# Raw data
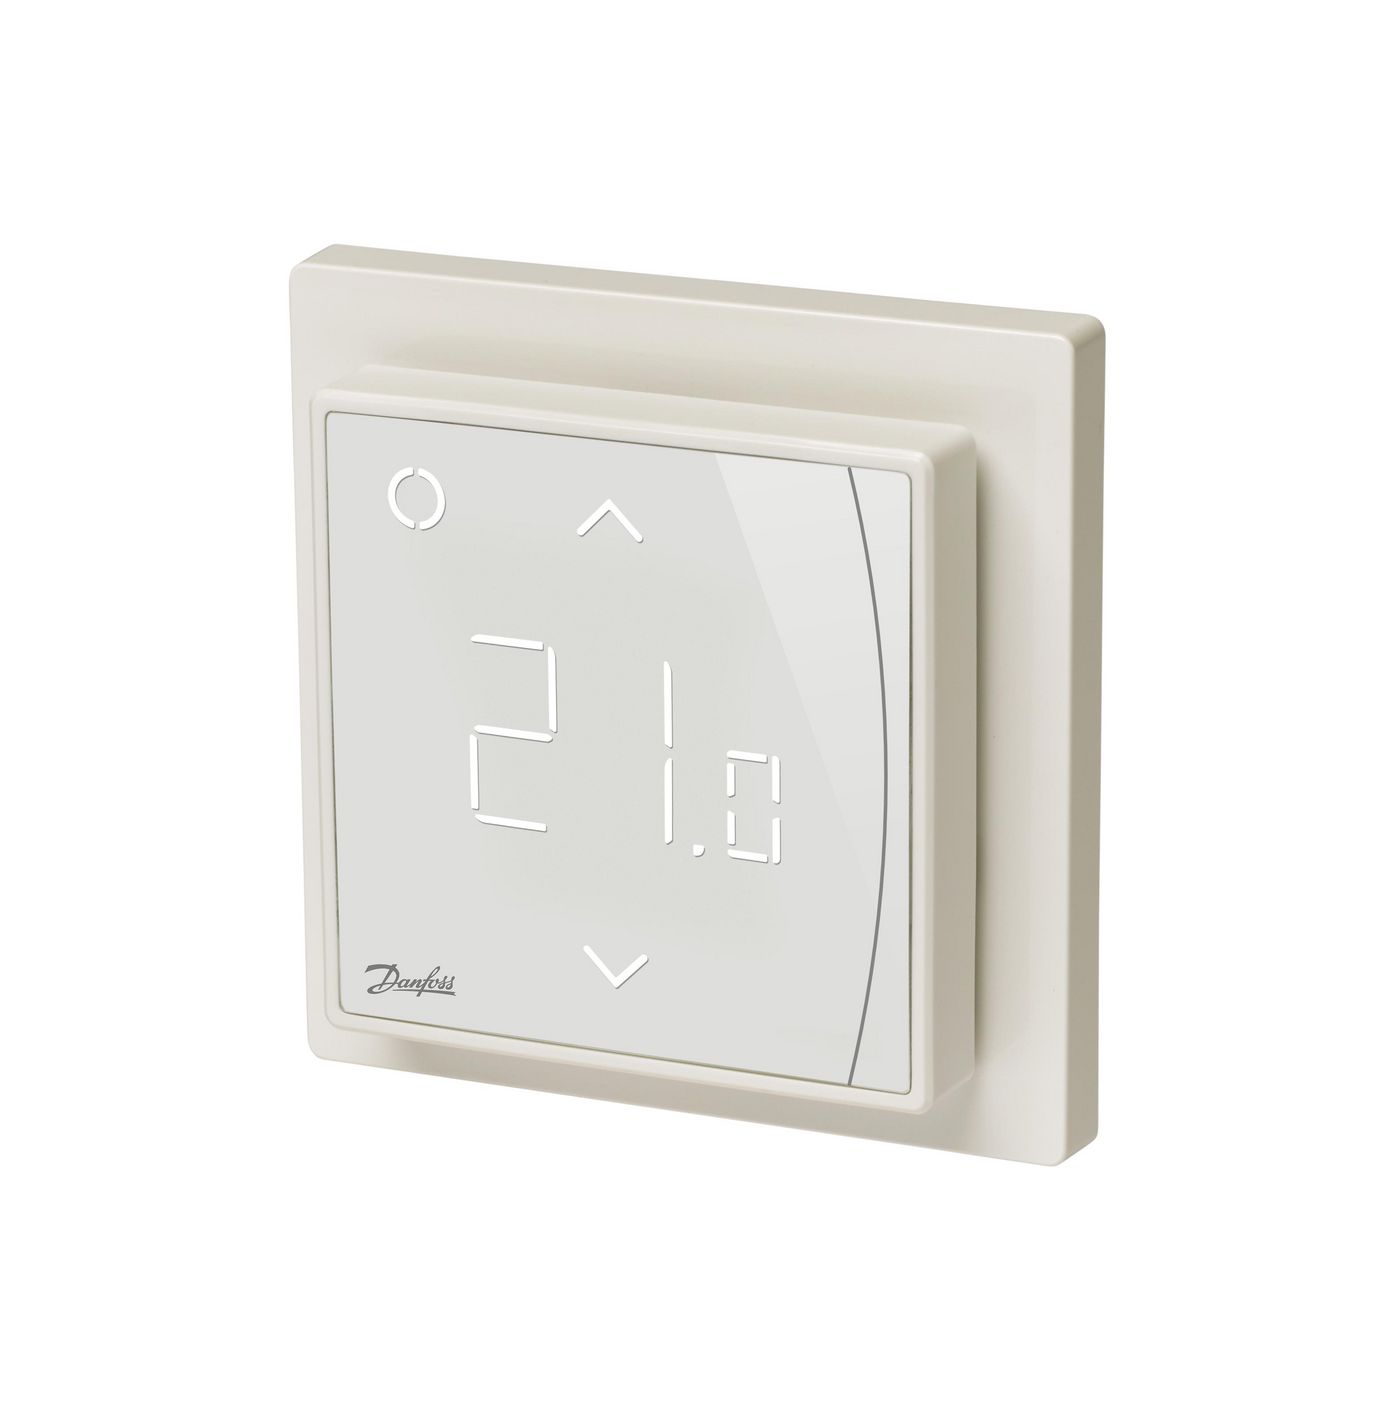 Thermostats Danfoss Ectemp Smart Pure White Sensor Room + Floor 16 A
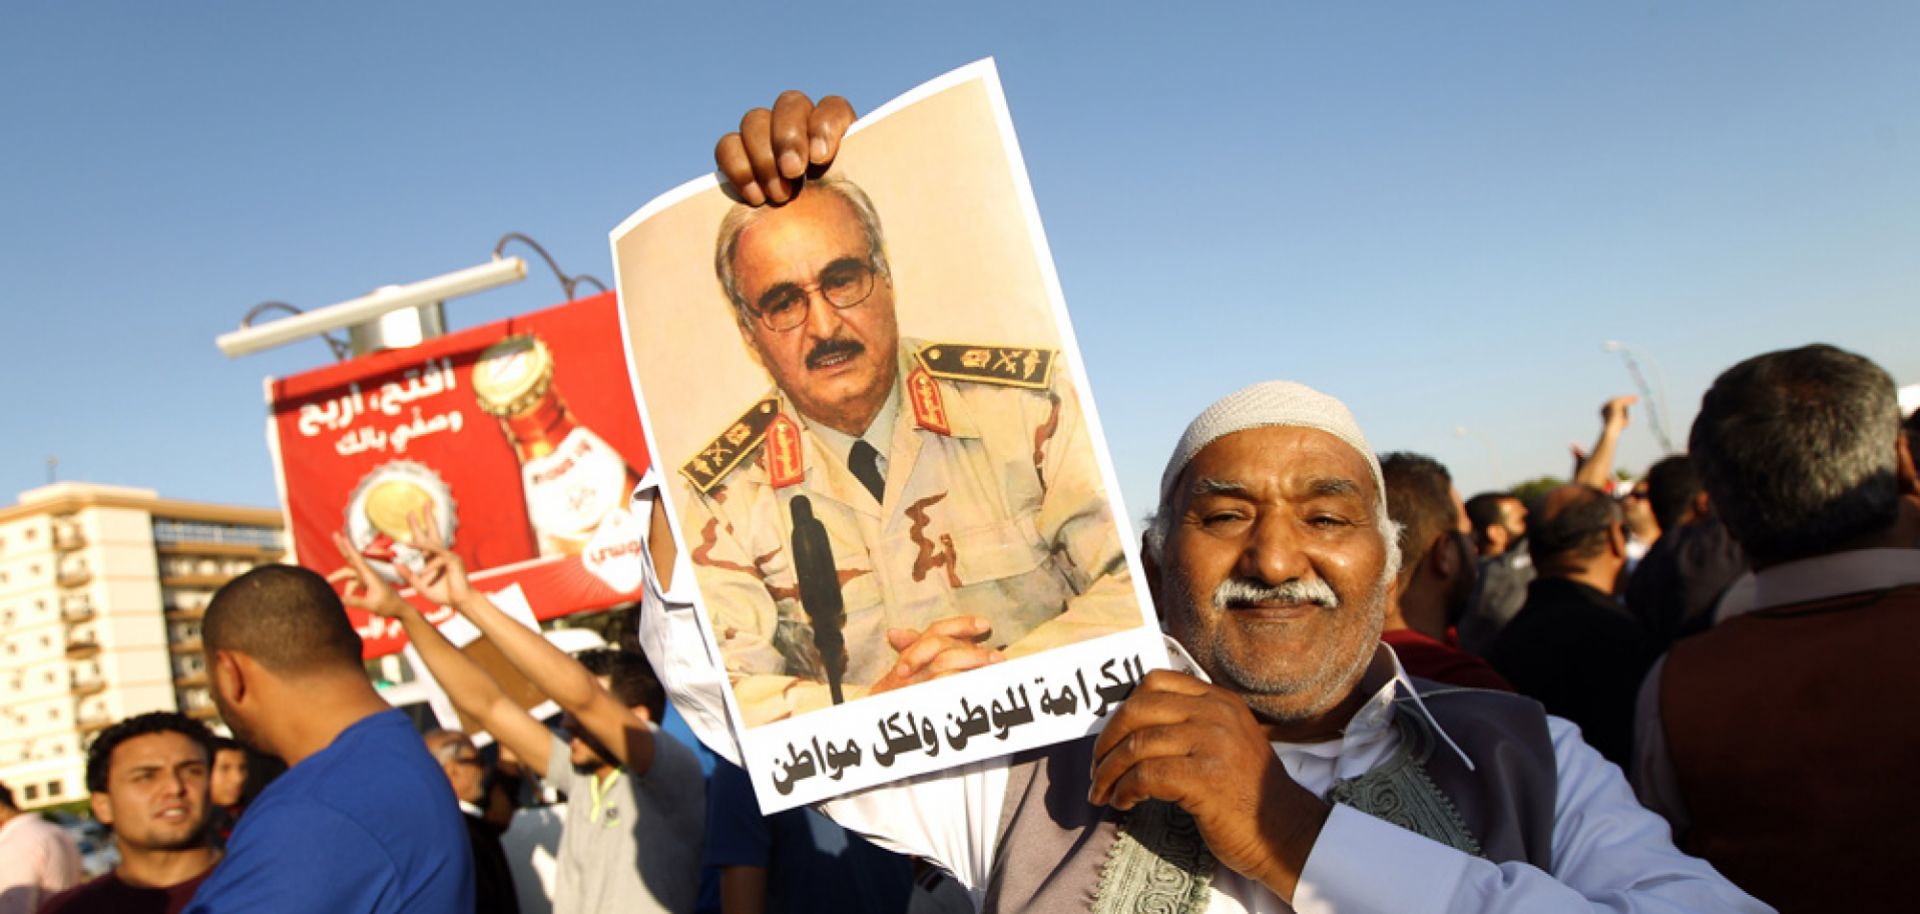 A Libyan man carries a portrait of retired Gen. Khalifa Hifter.
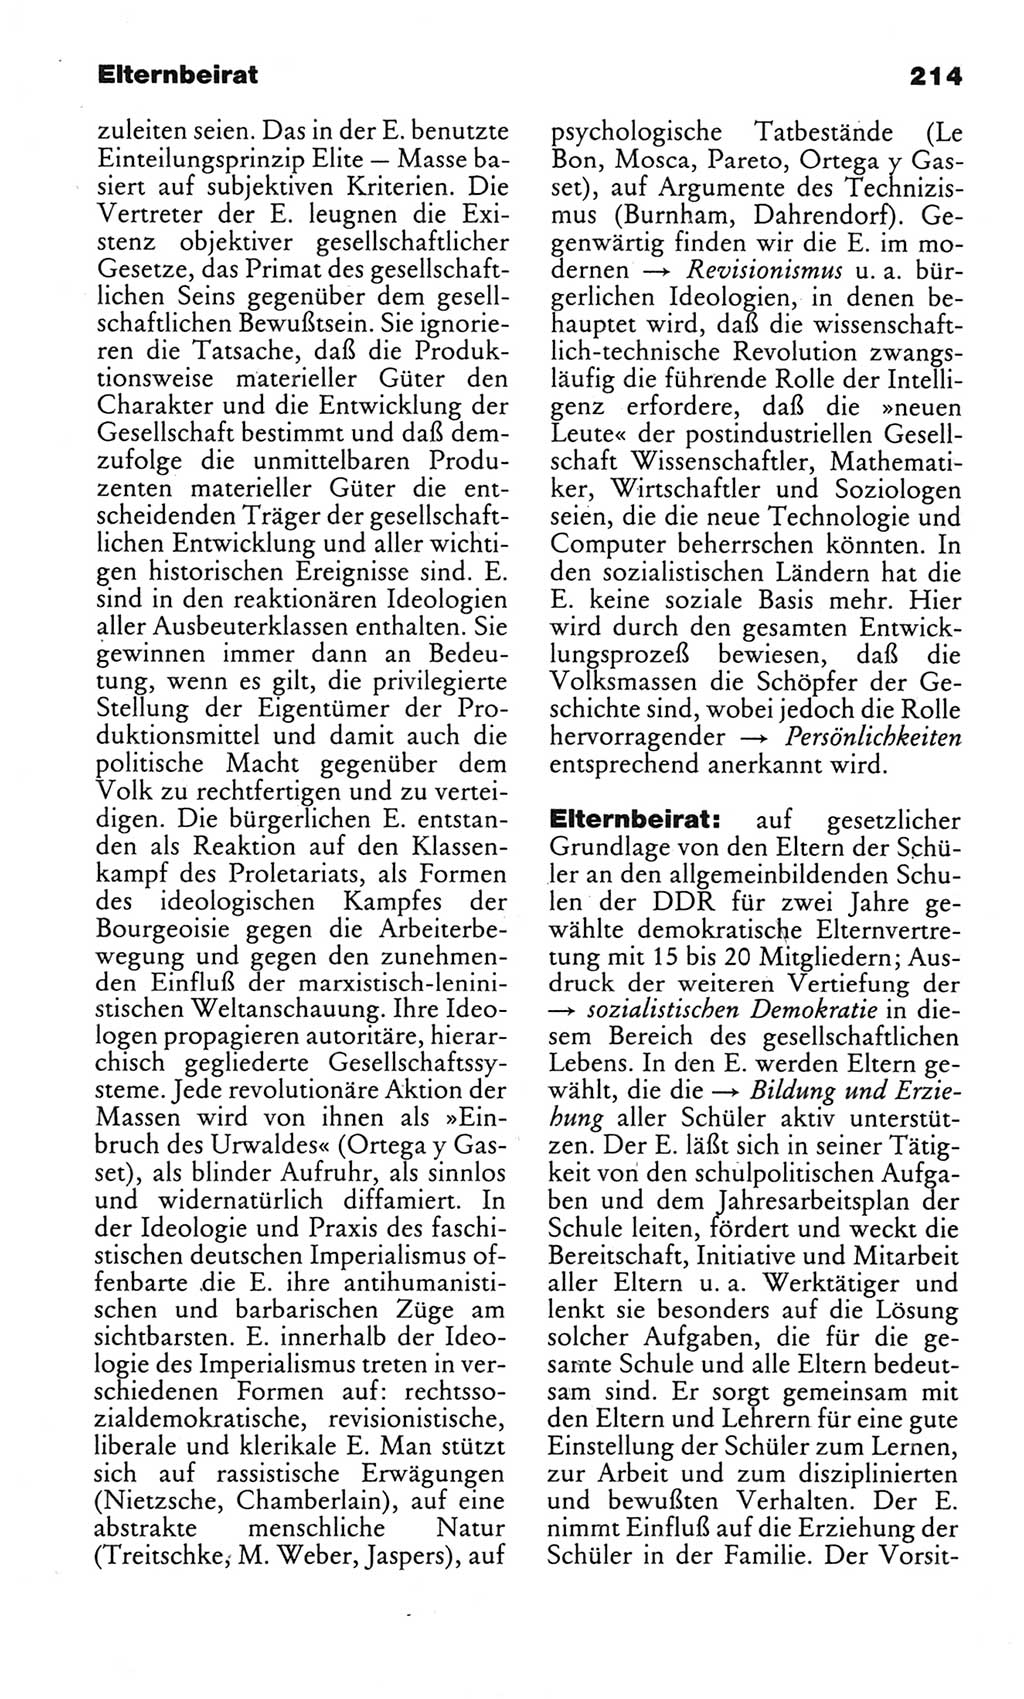 Kleines politisches Wörterbuch [Deutsche Demokratische Republik (DDR)] 1983, Seite 214 (Kl. pol. Wb. DDR 1983, S. 214)
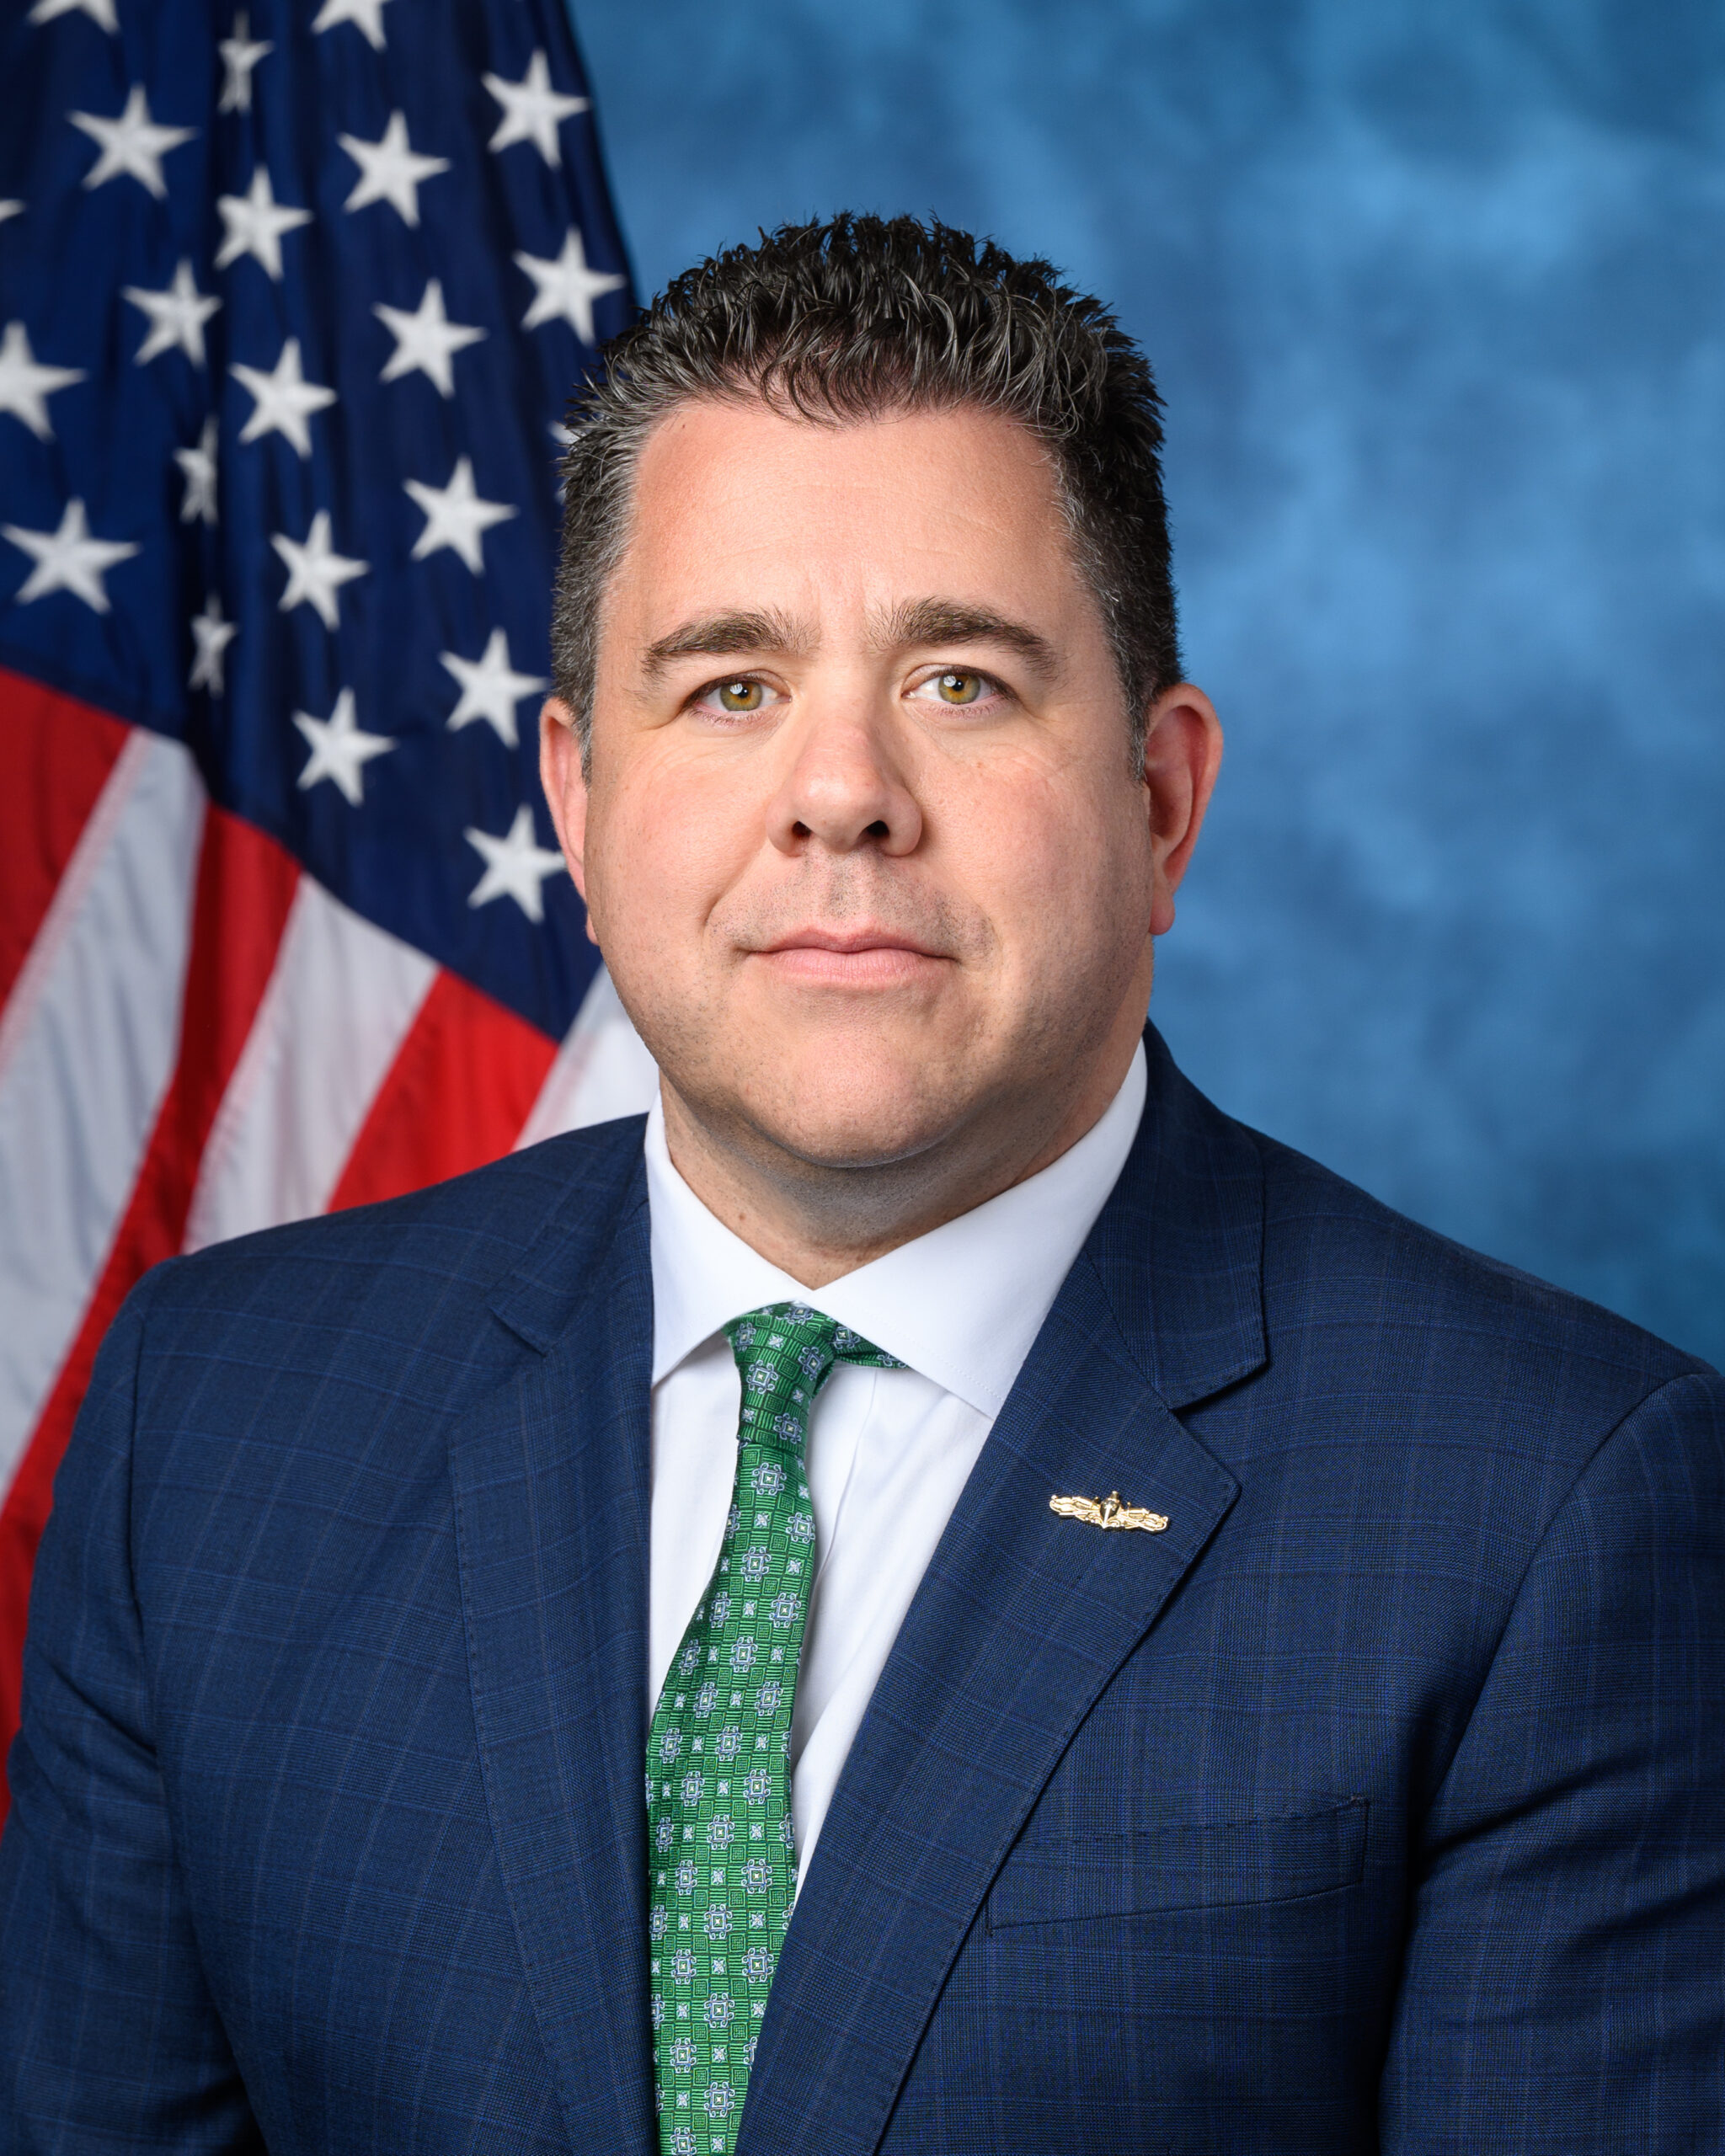 U.S. Representative Nick LaLota

# Assignment
Please copy out the whole listing exactly, minus its pictures.

# Result below
 Thermostats Danfoss Ectemp Smart Pure White Sensor Room + Floor 16 A
 A Libyan man carries a portrait of retired Gen. Khalifa Hifter.
 Kleines politisches Wörterbuch [Deutsche Demokratische Republik (DDR)] 1983, Seite 214 (Kl. pol. Wb. DDR 1983, S. 214)
 U.S. Representative Nick LaLota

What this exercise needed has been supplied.